Given material =>
=-=-=
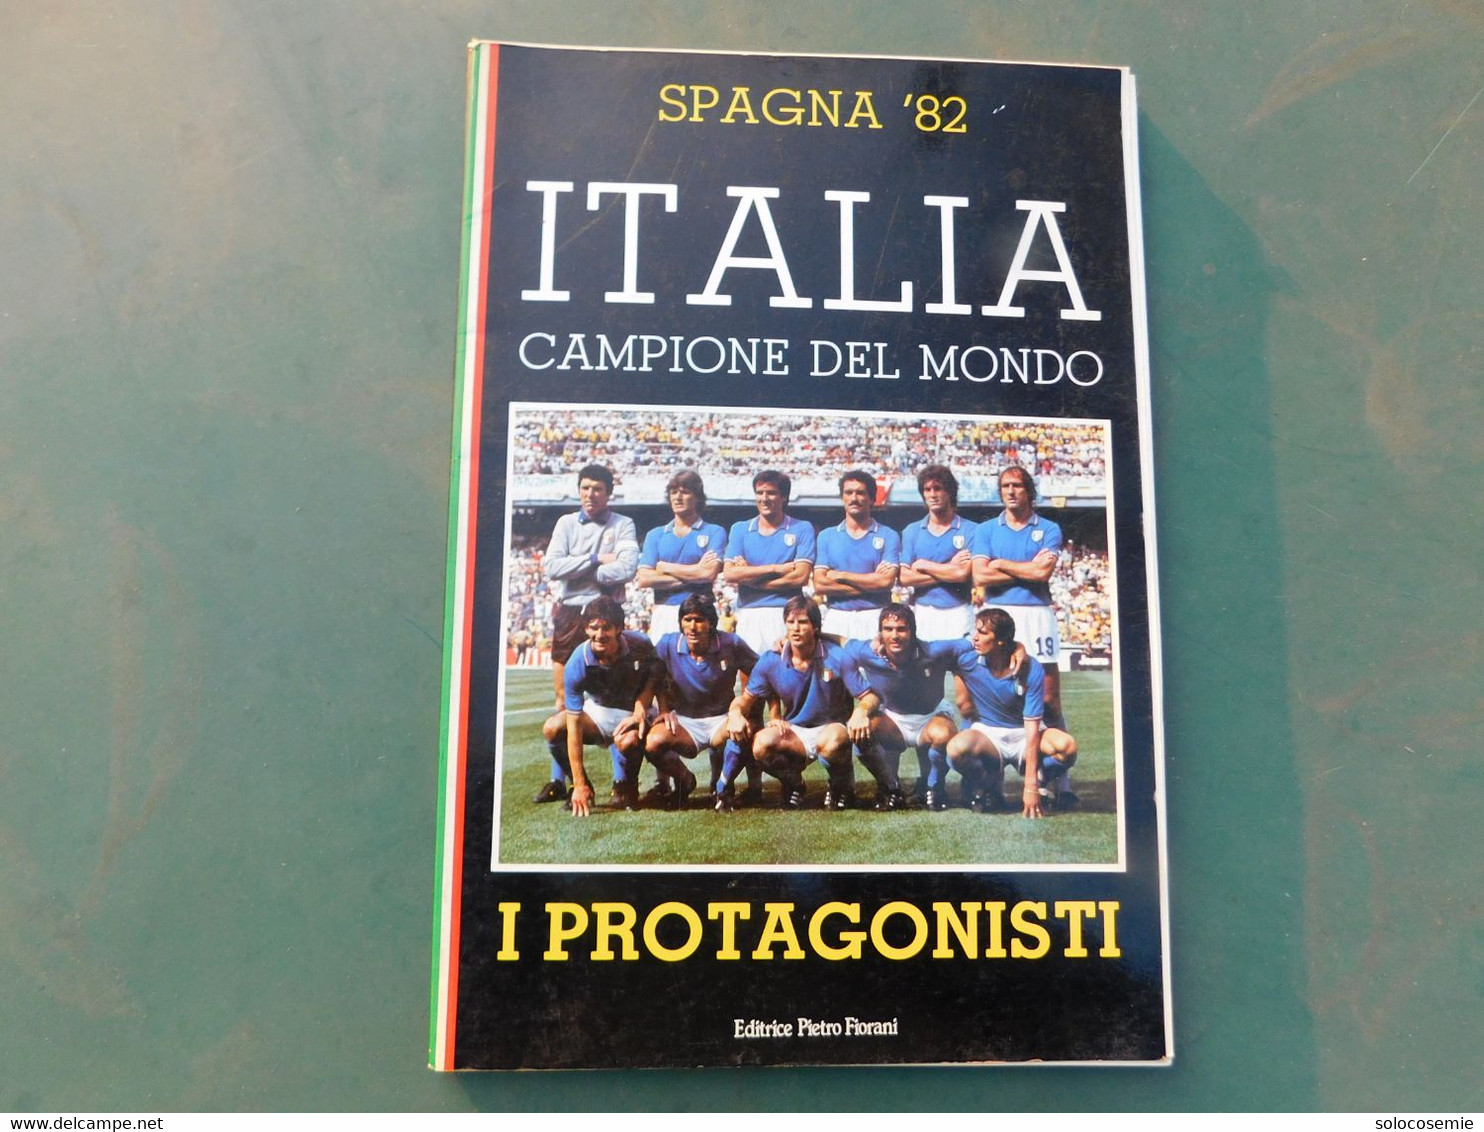 Spagna '82 - ITALIA CAMPIONE DEL MONDO  -I Protagonisti, Editrice Fiorani - Te Identificeren
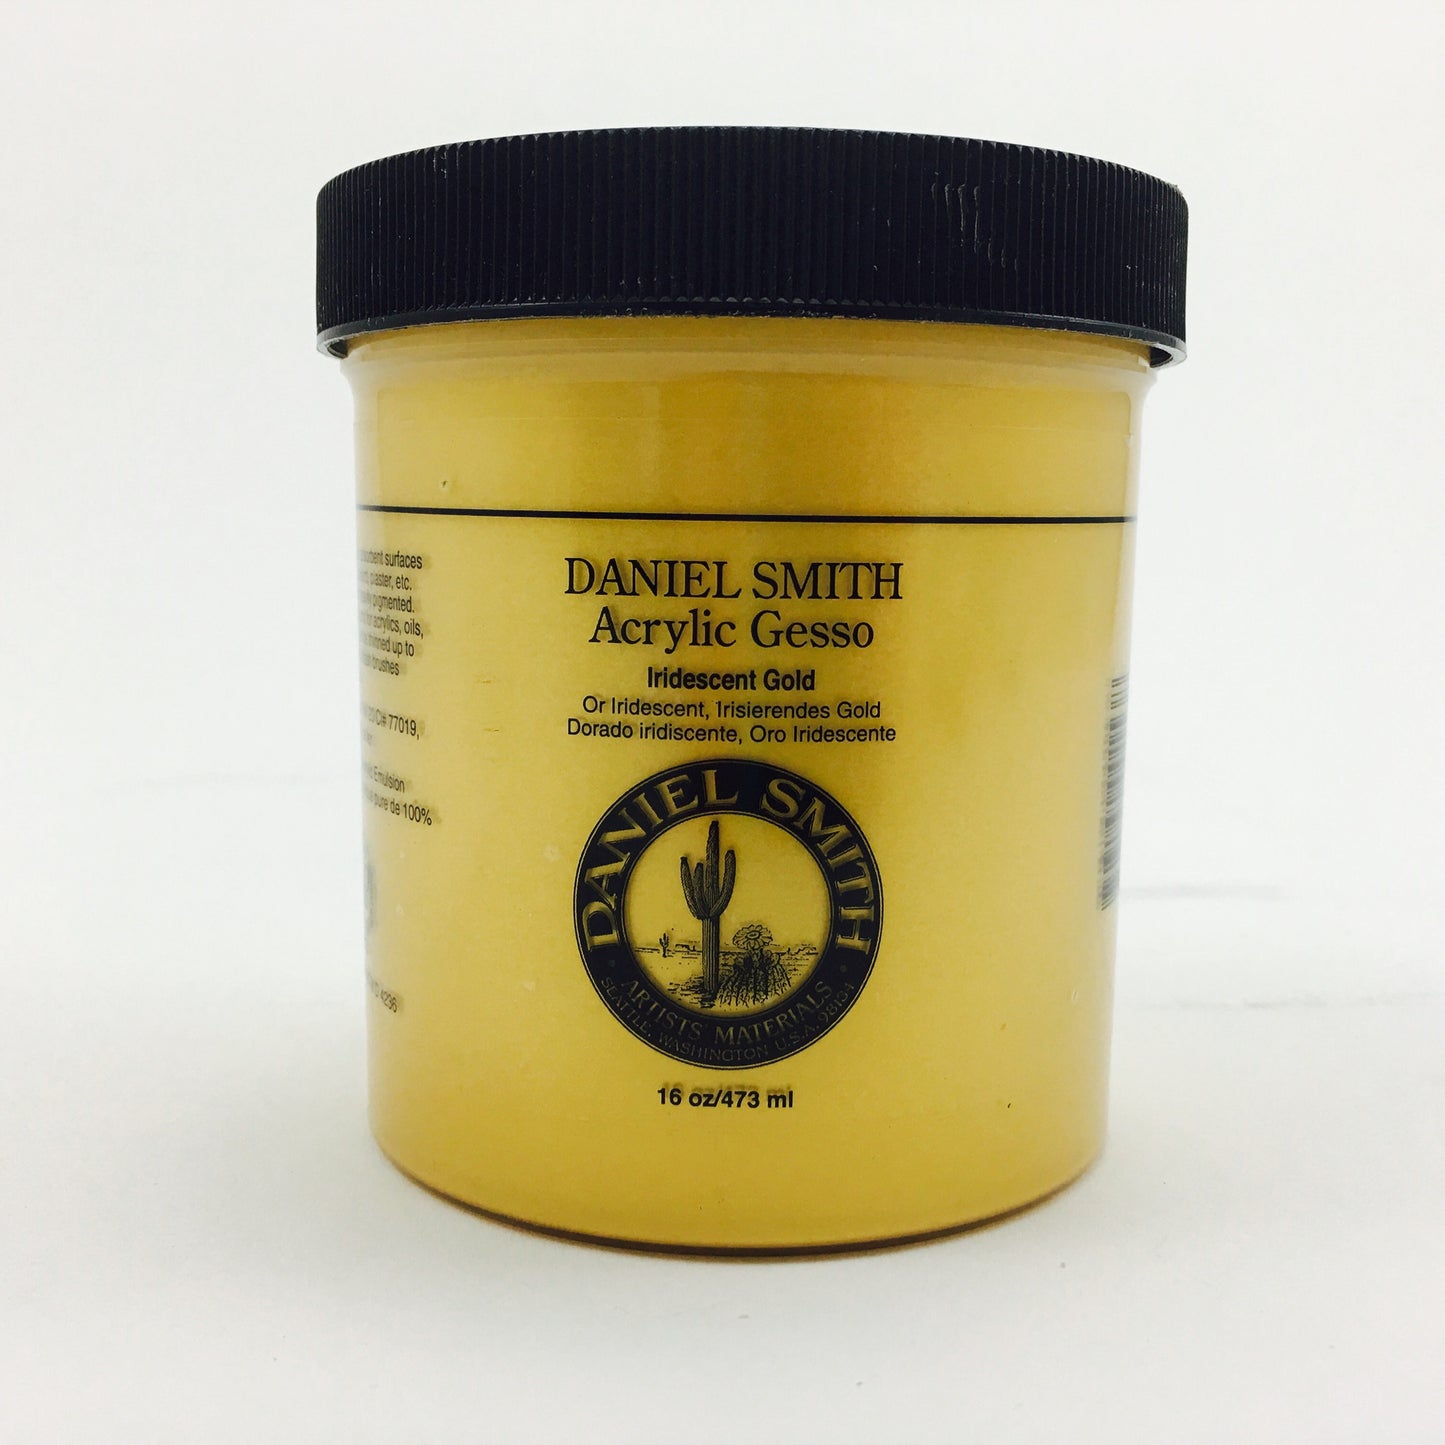 Daniel Smith Acrylic Gesso - 16 oz. - Iridescent Gold - by Daniel Smith - K. A. Artist Shop
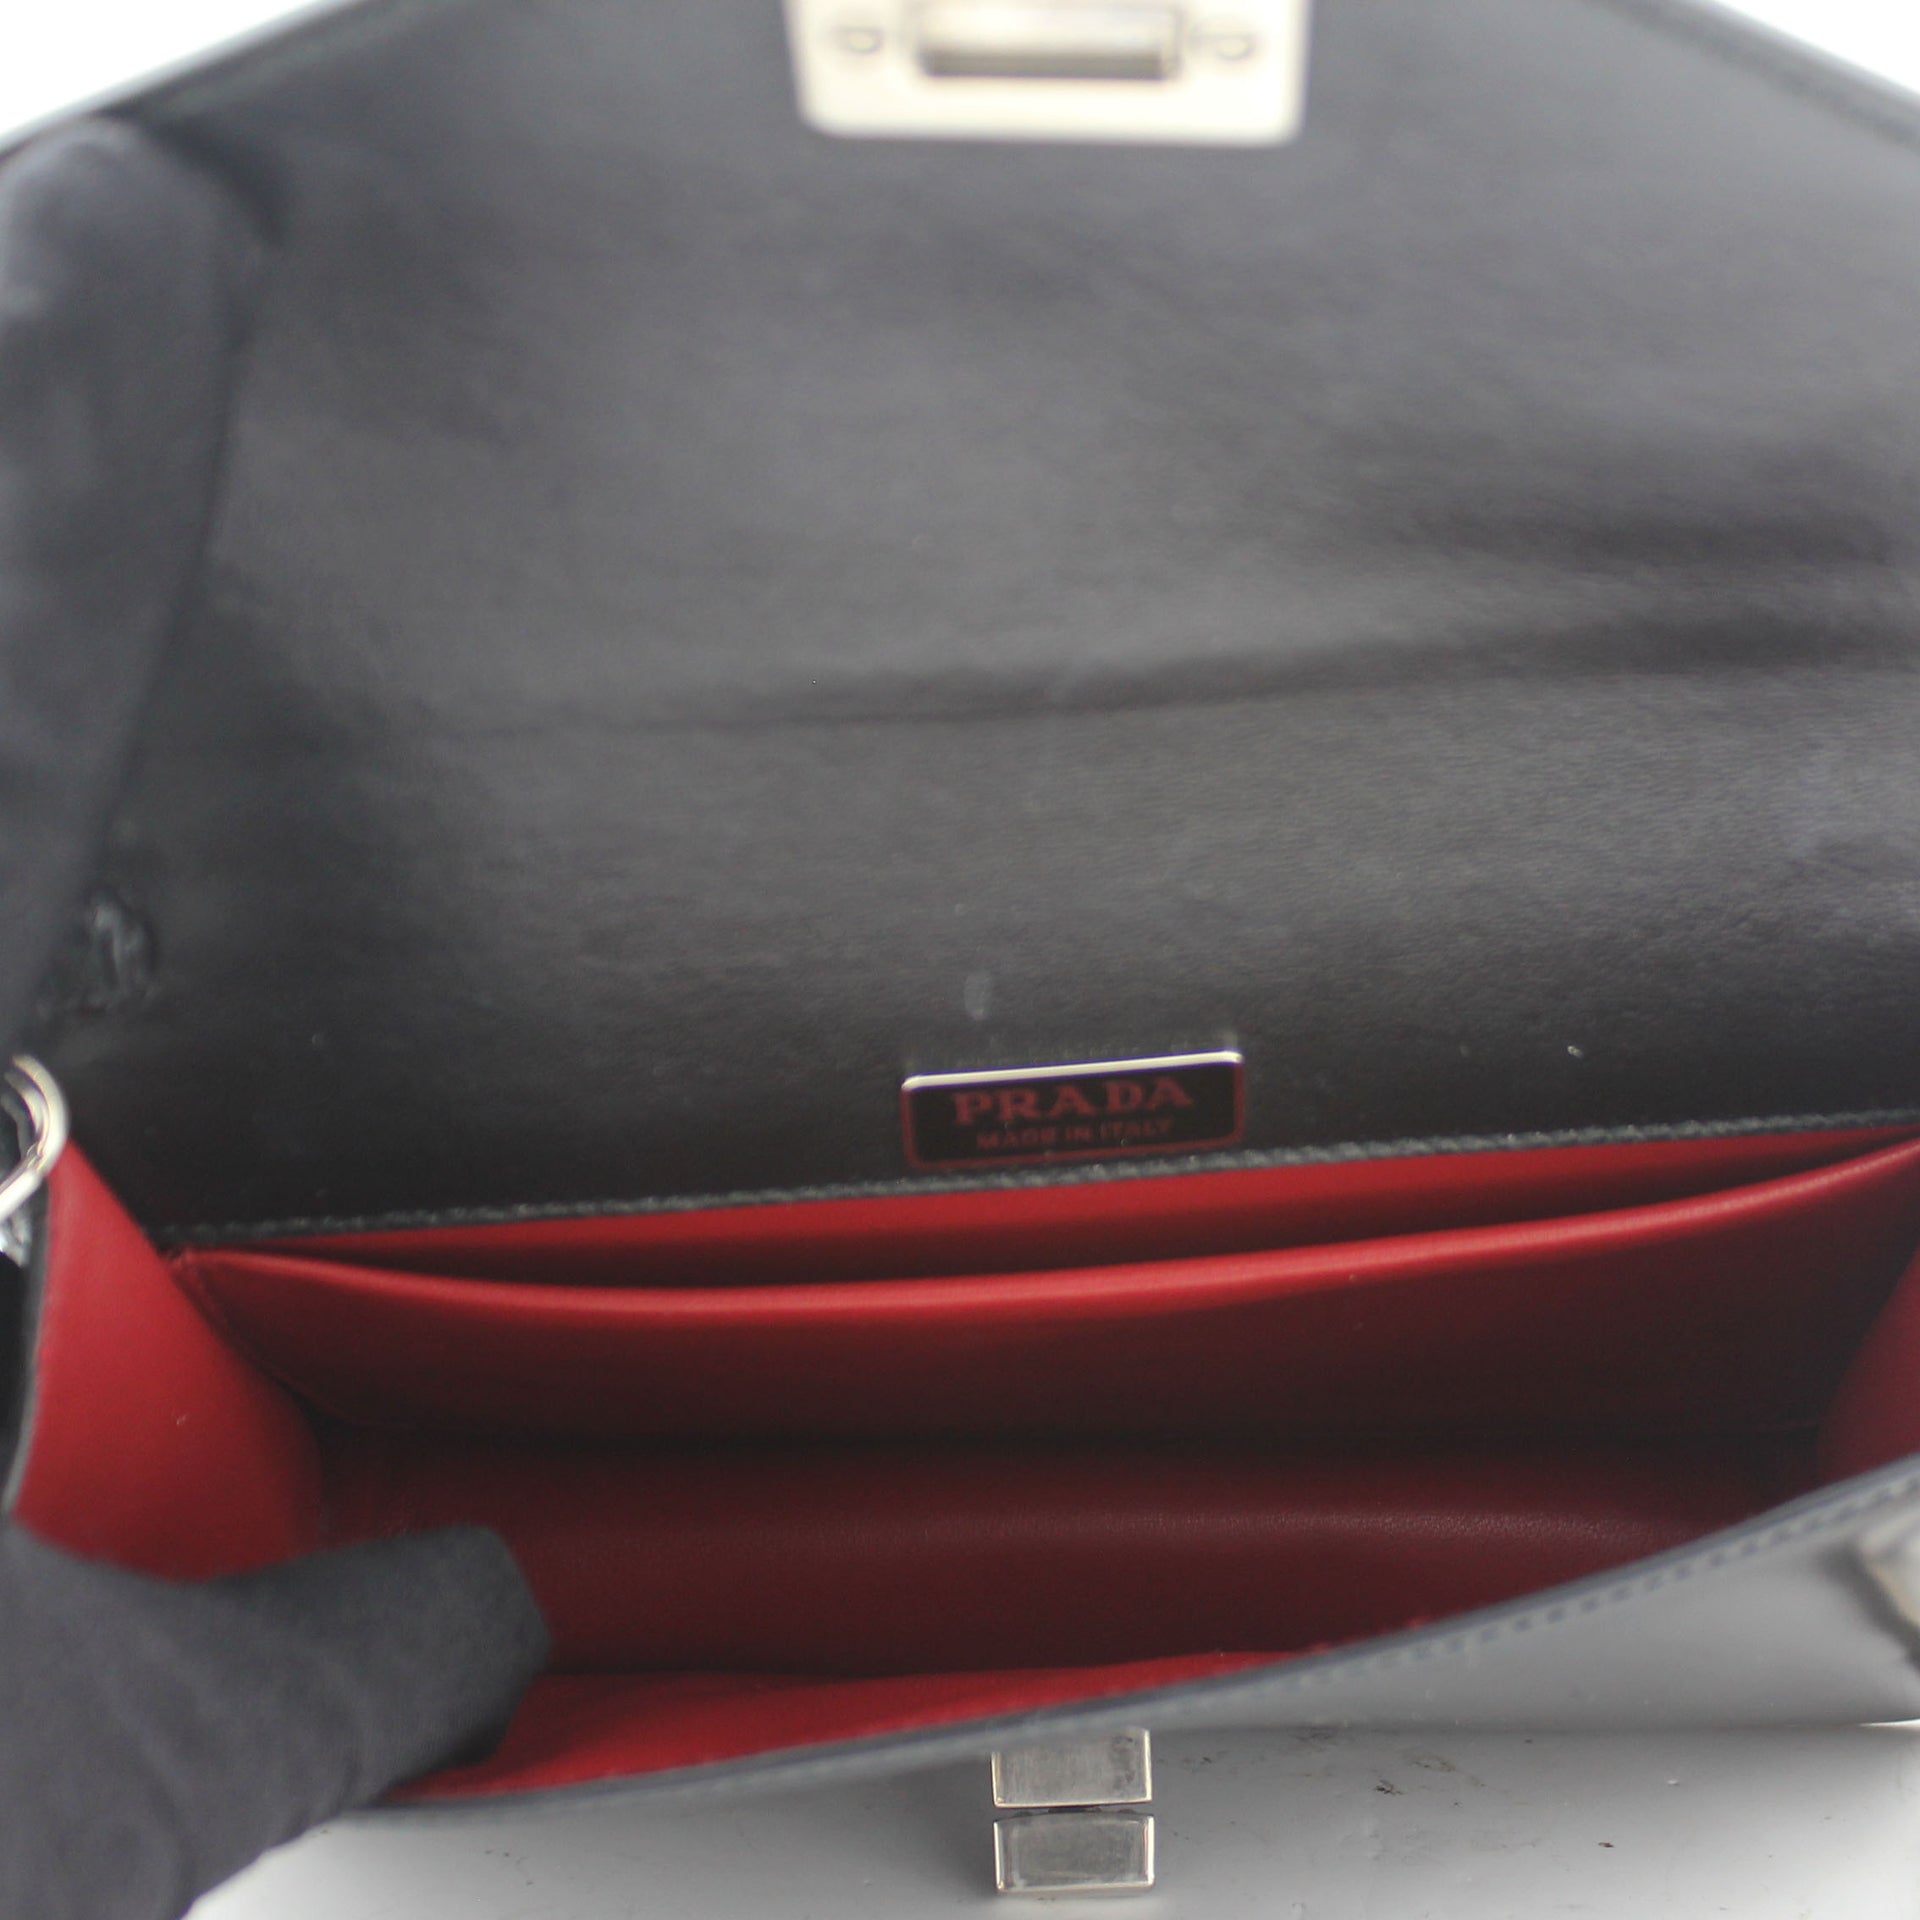 Box Leather turn-lock crossbody Bag
=-=-=
What is expected =>
In your answer, give every line of the listing above exactly, and do not include the images.

Result of the exercise =>
 Spagna '82 - ITALIA CAMPIONE DEL MONDO  -I Protagonisti, Editrice Fiorani - Te Identificeren
 Daniel Smith Acrylic Gesso - 16 oz. - Iridescent Gold - by Daniel Smith - K. A. Artist Shop
 Box Leather turn-lock crossbody Bag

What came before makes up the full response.